Name	Name	Last commit message	Last commit date
parent directory ..
.gitignore	.gitignore
README.md	README.md
config.py	config.py
env.donotcommit.example	env.donotcommit.example
rag-tutorial-rhoai.ipynb	rag-tutorial-rhoai.ipynb
rag-tutorial.ipynb	rag-tutorial.ipynb
requirements.txt	requirements.txt

RAG (Retrieval-Augmented Generation) Tutorial

This tutorial demonstrates how to build a RAG pipeline using NVIDIA NeMo Microservices on OpenShift.

Quick Start: For a concise command reference for infrastructure, instances, and demos, see ../../commands.md.

Overview

This example implements a complete RAG workflow:

Document Ingestion: Upload documents to NeMo Data Store
Embedding Generation: Create embeddings using NeMo Embedding NIM
Vector Storage: Store embeddings in NeMo Entity Store
Query Processing: Retrieve relevant documents based on user queries
Response Generation: Generate answers using LlamaStack client (with fallback to direct Chat NIM) with retrieved context
Optional Guardrails: Apply safety guardrails to responses

RHOAI LlamaStack variant

rag-tutorial-rhoai.ipynb is the same RAG flow but uses the RHOAI-deployed LlamaStack (e.g. copilot-llama-stack) for chat instead of the nemo-instances LlamaStack. Use it when your chat model is served via RHOAI’s copilot-llama-stack (no client API key; model id e.g. vllm-inference/redhataillama-31-8b-instruct). Copy env.donotcommit.example to env.donotcommit and set NMS_NAMESPACE; the notebook sets LLAMASTACK_URL and LLAMASTACK_CHAT_MODEL by default.

Deployed Services

✅ NeMo Data Store (v25.08+)
✅ NeMo Entity Store (v25.08+)
✅ NeMo Guardrails (v25.08+) - Optional but recommended
✅ LlamaStack Server - Unified API abstraction layer (deployed via Helm with Bearer token support)
✅ KServe InferenceService with meta/llama-3.2-1b-instruct model
- Service name: Your InferenceService predictor service name
- Must be accessible via Istio service mesh
- LlamaStack must have Istio sidecar injected to communicate with KServe services
✅ Embedding NIM: nv-embedqa-1b-v2 service

Note: The service name for the Chat NIM may differ from the model name. Find your service name:

oc get svc -n <your-namespace> | grep llama
oc get inferenceservice -n <your-namespace> | grep llama

Required Configuration

1. Service Account Token (REQUIRED for LlamaStack)
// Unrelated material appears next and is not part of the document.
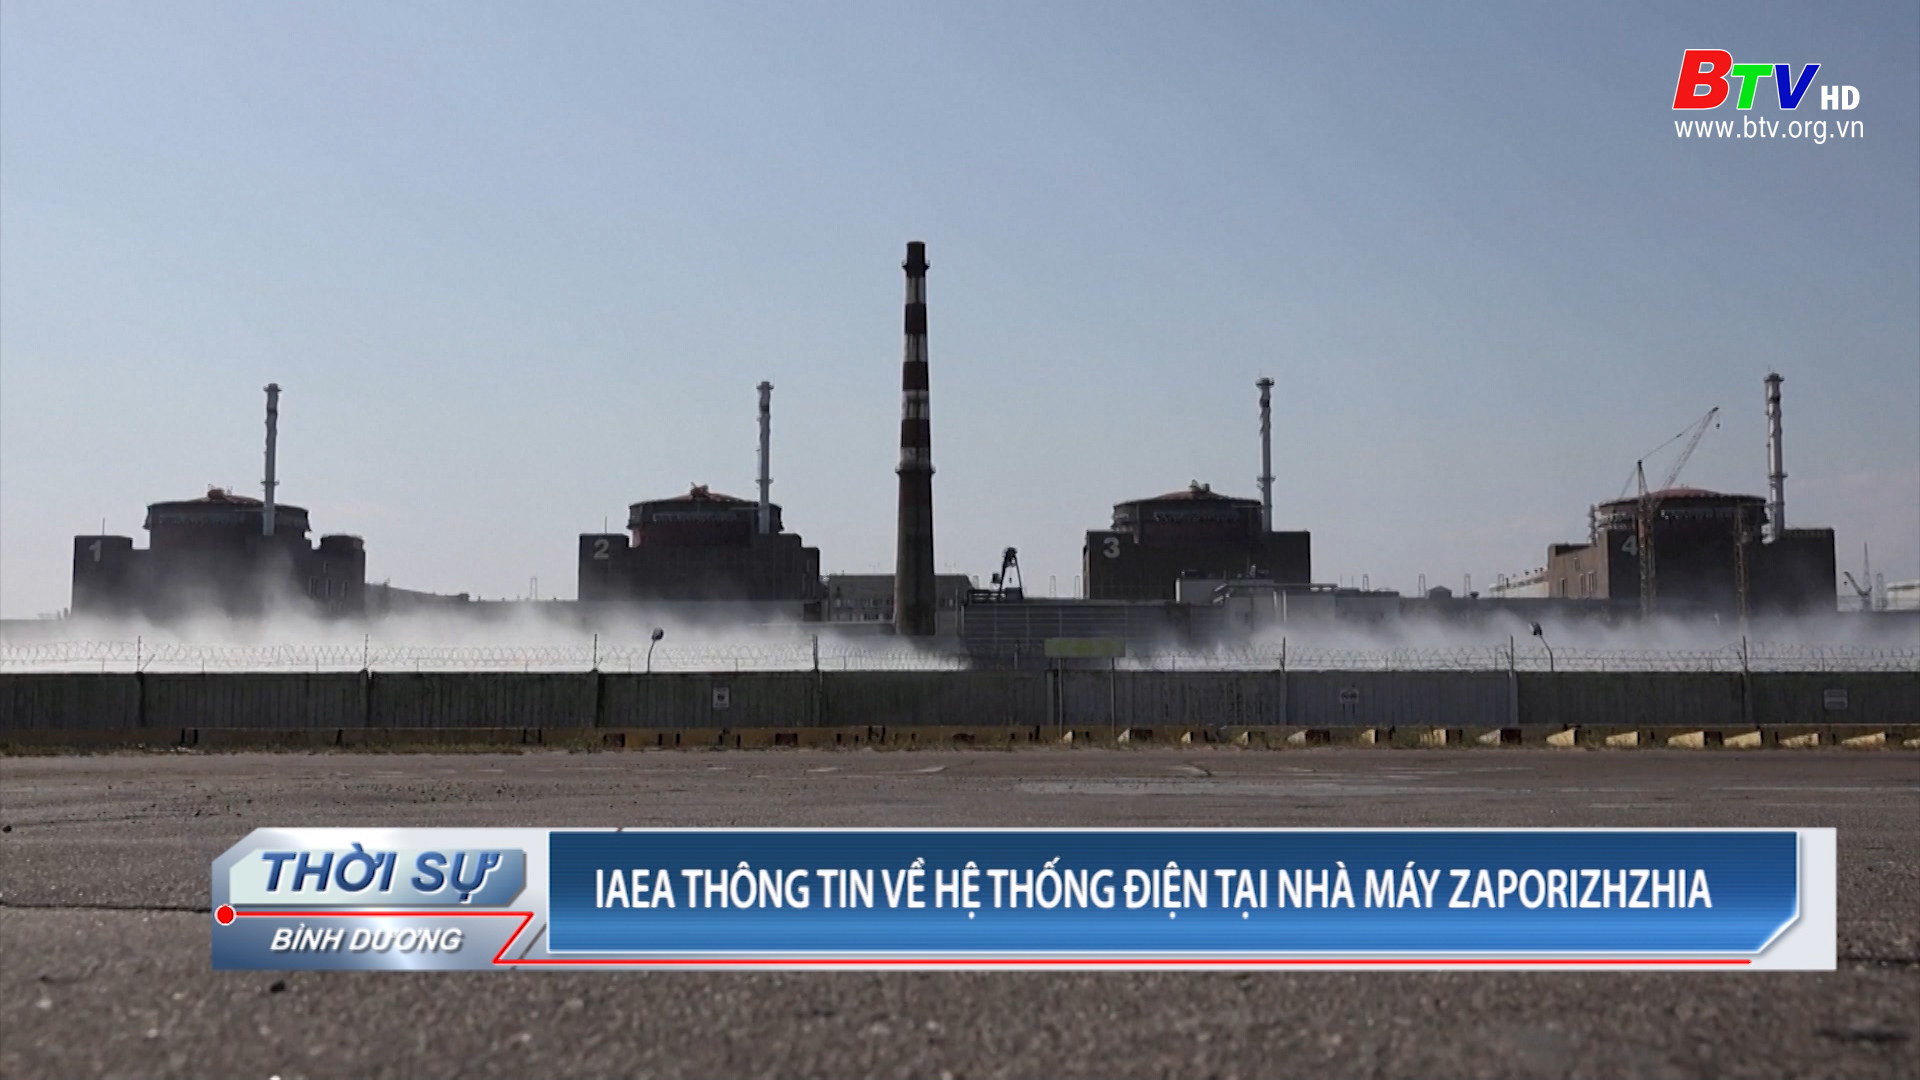 IAEA thông tin về hệ thống điện tại nhà máy Zaporizhzhia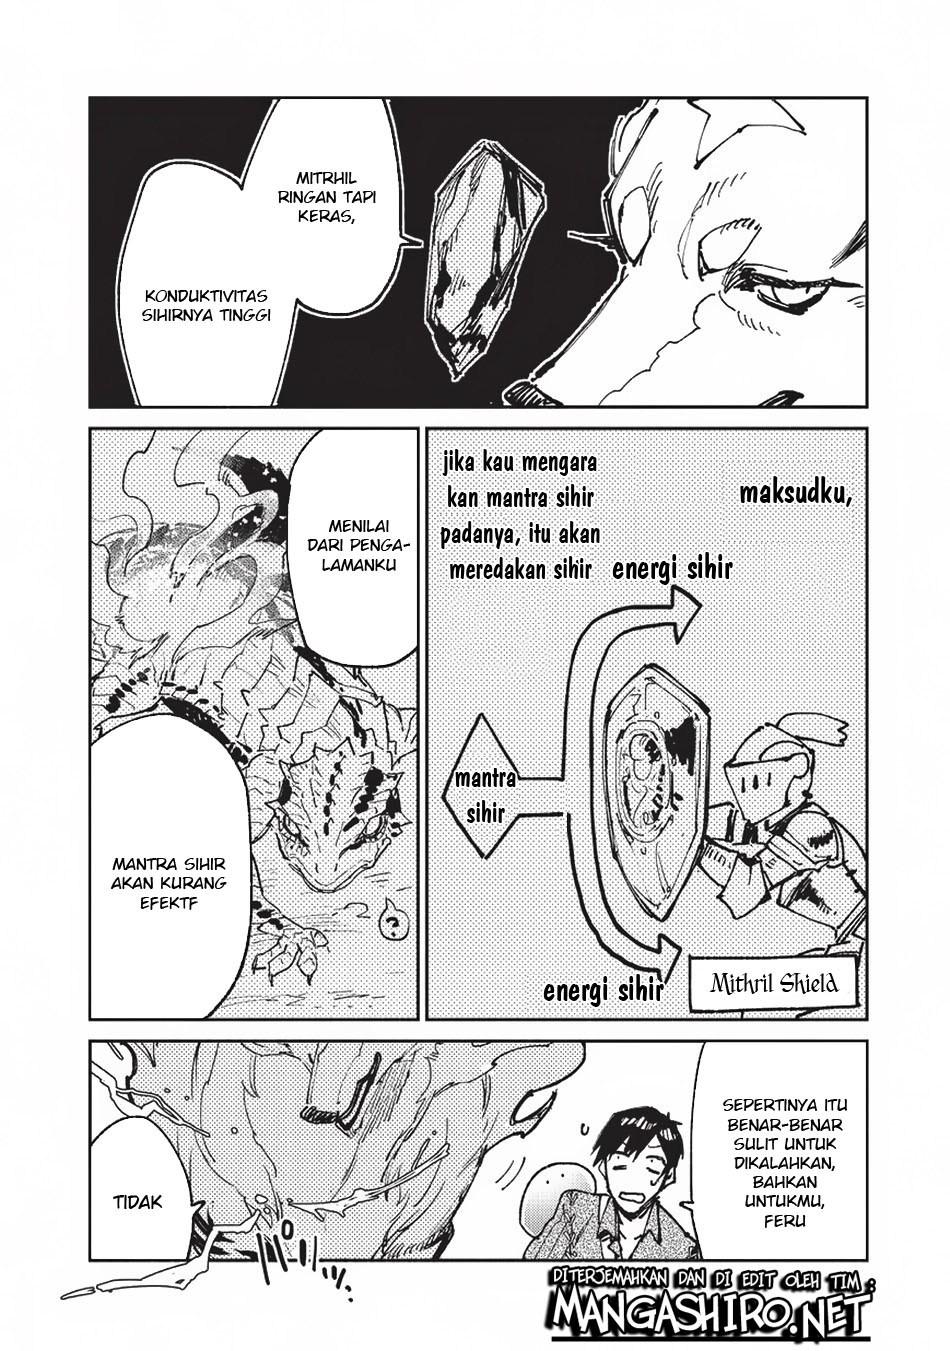 Tondemo Skill de Isekai Hourou Meshi Chapter 22

LlamaStack requires a Kubernetes service account token to authenticate with the KServe InferenceService. This token must be set in env.donotcommit:

Get your service account token:

# Replace <your-namespace> and <service-account-name> with your actual values
# The service account name is typically: <inferenceservice-name>-sa
oc create token <service-account-name> -n <your-namespace> --duration=8760h

Example (replace with your actual service account and namespace):

oc create token my-model-sa -n my-namespace --duration=8760h

Add to env.donotcommit:

NIM_SERVICE_ACCOUNT_TOKEN=eyJhbGciOiJSUzI1NiIsImtpZCI6...  # Your token here

2. Model's External URL (REQUIRED for fallback)

The notebook uses the external HTTPS URL as a fallback when LlamaStack is unavailable. Find your InferenceService external URL:

# Get the external URL of your InferenceService
oc get inferenceservice <your-inferenceservice-name> -n <your-namespace> -o jsonpath='{.status.url}'

Example:

oc get inferenceservice my-model -n my-namespace -o jsonpath='{.status.url}'
# Example output: https://my-model-my-namespace.apps.my-cluster.example.com

Add to env.donotcommit (if not auto-detected): The config.py file should auto-detect this, but you can override it if needed.

3. Istio Service Mesh Membership

Your namespace must be a member of the Istio service mesh for LlamaStack to communicate with KServe InferenceService:

# Check if namespace is in the mesh
oc get servicemeshmember -n <your-namespace>

# If not, add it (requires cluster admin or service mesh admin)
# This is typically done during initial setup

4. LlamaStack Configuration

Important: LlamaStack deployment depends on the InferenceService being deployed first. The LlamaStack pod will be in Pending state until the InferenceService creates the required service account.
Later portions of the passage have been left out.